Loisirs et culture

Samuel : une série animée sur l’adolescence qui donne des ailes

Comme tous les lundis, vous le savez, on ouvre grand la porte à des pépites. Au rayon dessin animé, on vous propose ce qu’il s’est fait de mieux, de plus épuré et de plus pertinent depuis des années : Samuel. Hébérgé sur Arte.tv, on vous conseille de vite tout regarder, avant que cette série ne soit plus en ligne.

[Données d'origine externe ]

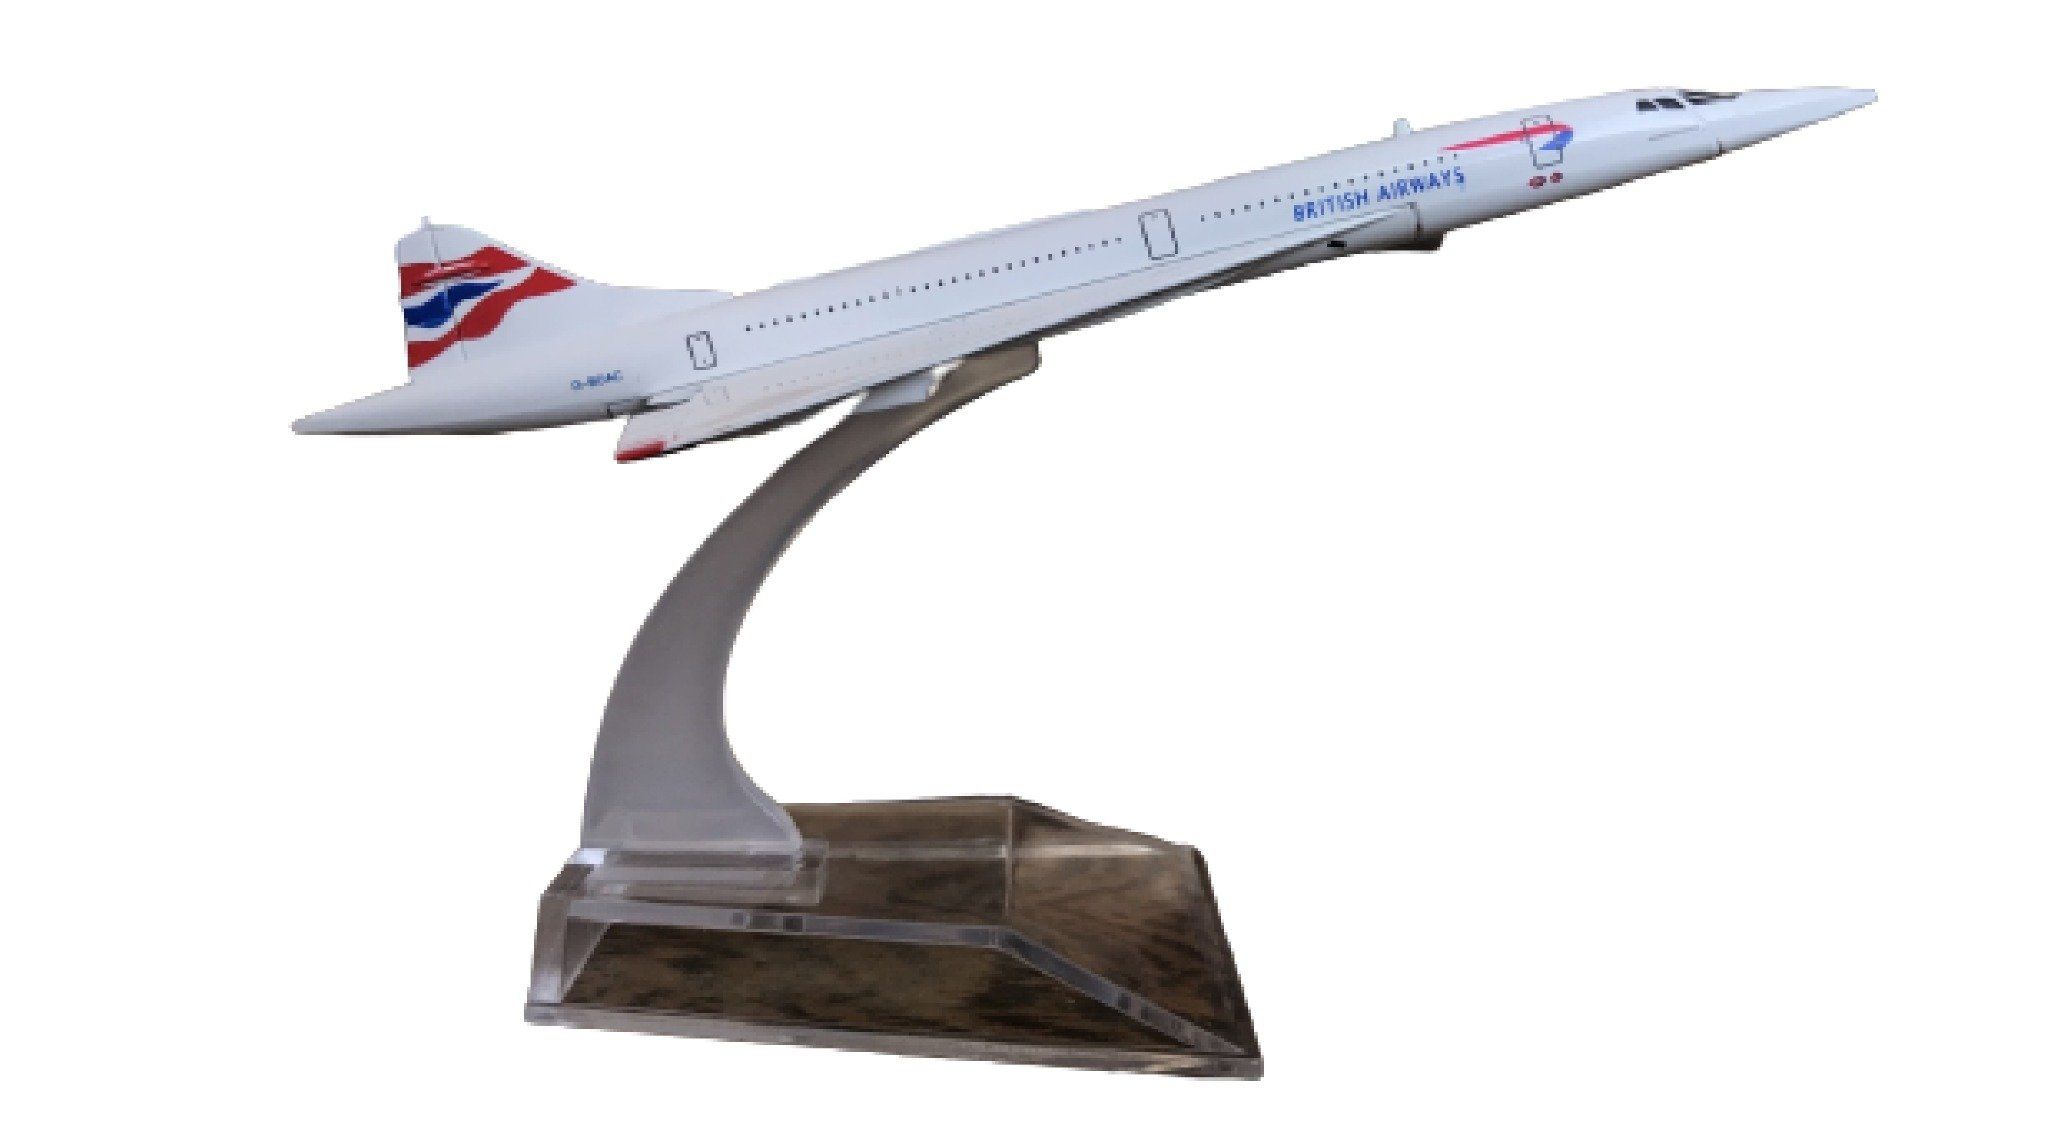  Mô hình máy bay phản lực Concorde British airway 16cm MB16164 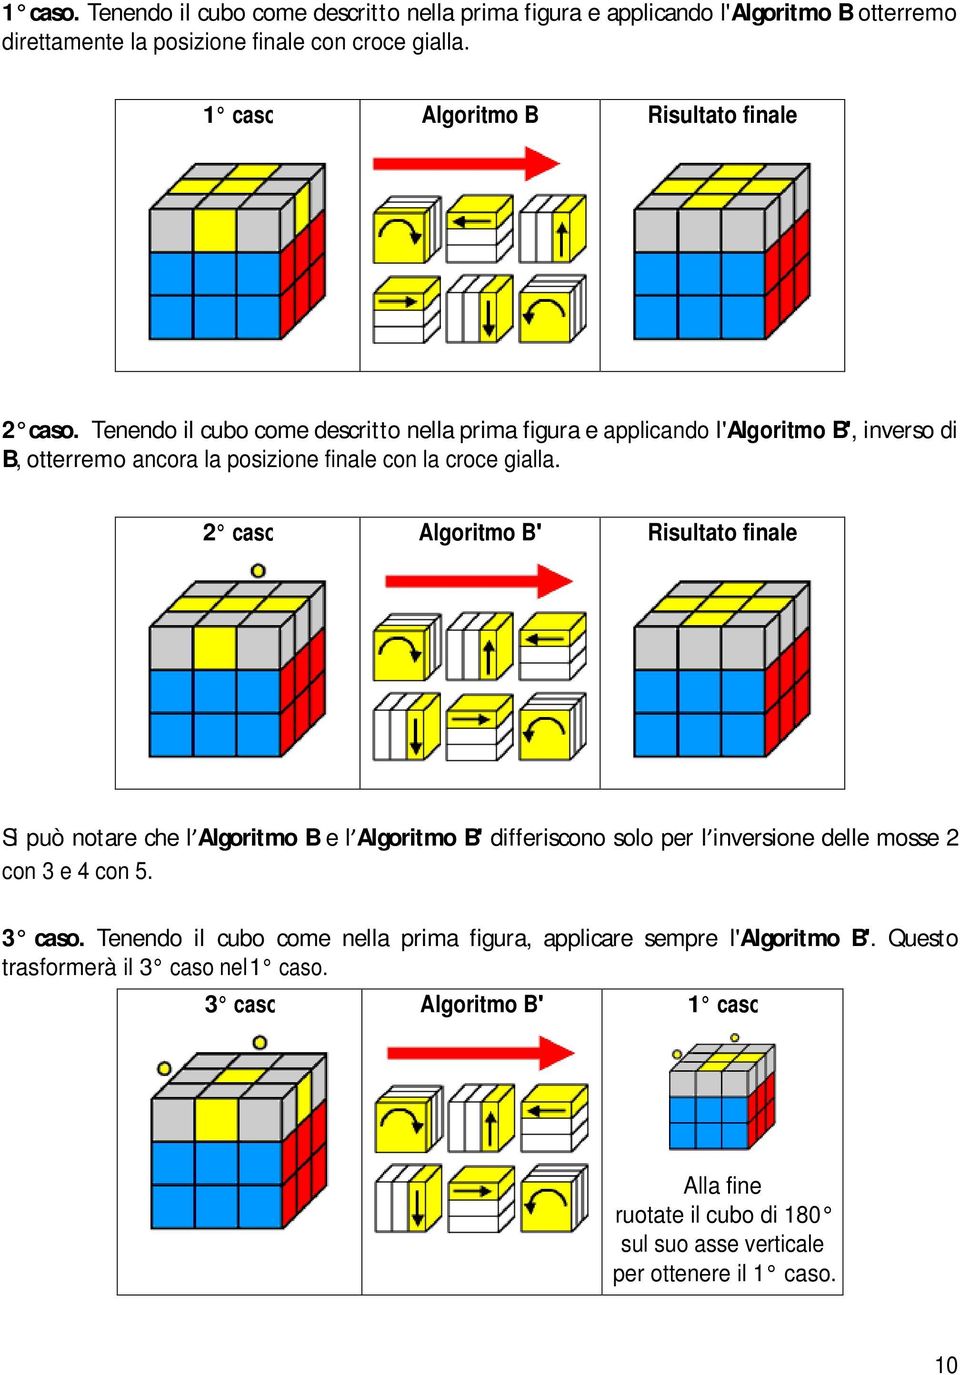 Tenendo il cubo come descritto nella prima figura e applicando l'algoritmo B, inverso di B, otterremo ancora la posizione finale con la croce gialla.

La force de l’évidence. Voilà par quoi on pourrait résumer ce petit joyau d’animation hébergé sur Arte.tv. Une série de 21 épisodes, de 5 minutes chacun, qui mettent en scène le très flegmatique Samuel, gamin de 10 ans qui nous livre ses états d’âmes à travers son journal intime. « Roooh, ça a été fait 100 fois », entend-on dans le fond de la salle ? Peut-être. Mais jamais comme ça.

Vive la ligne claire

Impossible de parler de la série sans parler du traitement. La ligne claire en animation a été longtemps proscrite. On considérait qu’elle laissait trop de place au blanc et brûlait les yeux. Ce qui est vrai sur grand écran ne l’est pas sur le petit écran et, ici, le vide, le blanc est une matière première qui remplit toute la narration. Sa réalisatrice, Émilie Tronche (qui interprète tous les rôles) joue avec, non sans malice. Les traits noirs s’y promènent en toute liberté. Ils servent l’histoire et lui permettent d’évoluer hors cadre, hors limite. On se promène autant dans les scènes du quotidien de notre jeune héros qui grandit dans les années 2000, qu’à travers son imagination débordante. On aime particulièrement les nombreuses scènes de danse qui apportent leur touche de magie débordante. Émilie Tronche s’autorise tout, ses nombreuses inventions graphiques ne sont jamais placées au hasard ou pour le simple exercice de style. Elles viennent appuyer des propos qui font résonner l’adolescent·e qui sommeille en chacun de nous.

Vibrante adolescence

Le dessin qui, à bien des moments, nous rappelle l’efficacité de celui de Riad Sattouf - lui aussi consacre la quasi-totalité de son œuvre à l’adolescence – retranscrit avec brio les errances de Samuel. La série nous plonge en plein cœur du temps béni de l’adolescence. La récré, le chemin du retour, le ramassage scolaire, la piscine, l’ennui à la maison. Et puis, bien sûr, les histoires d’amour et d’amitié, soit le cœur du récit. On se surprend à rééprouver les mêmes difficultés de l’époque. L’ignoble non-réciprocité des sentiments. Le cœur qui s’arrache quand l’objet de son désir en embrasse un autre. Les évidences qui se trouvent sous nos yeux et que l’on refuse de voir…
Toute cette intense période vibrante, bouillonnante y est dépeinte avec la justesse d’une série comme Sex education, avec la nostalgie des Années coup de cœur et l’aménité des bandes à la Goonies. Chaque épisode va droit au but et nous renvoie indubitablement à notre propre passé glorieux. Il opère d’une autre façon sur nos ados. Il agit comme un miroir. Les enfants plus jeunes le suivent comme un bon dessin animé avec des personnages attachants, drôles, humains. C’est d’ailleurs l’autre force de Samuel. Celle de délivrer un propos universel, dans lequel tous les âges, tous les horizons se retrouvent.
Voilà l’évidence, des grandes œuvres qui restent pour toujours et qui sans qu’on s’y attende, parviennent à viser pile au milieu du cœur.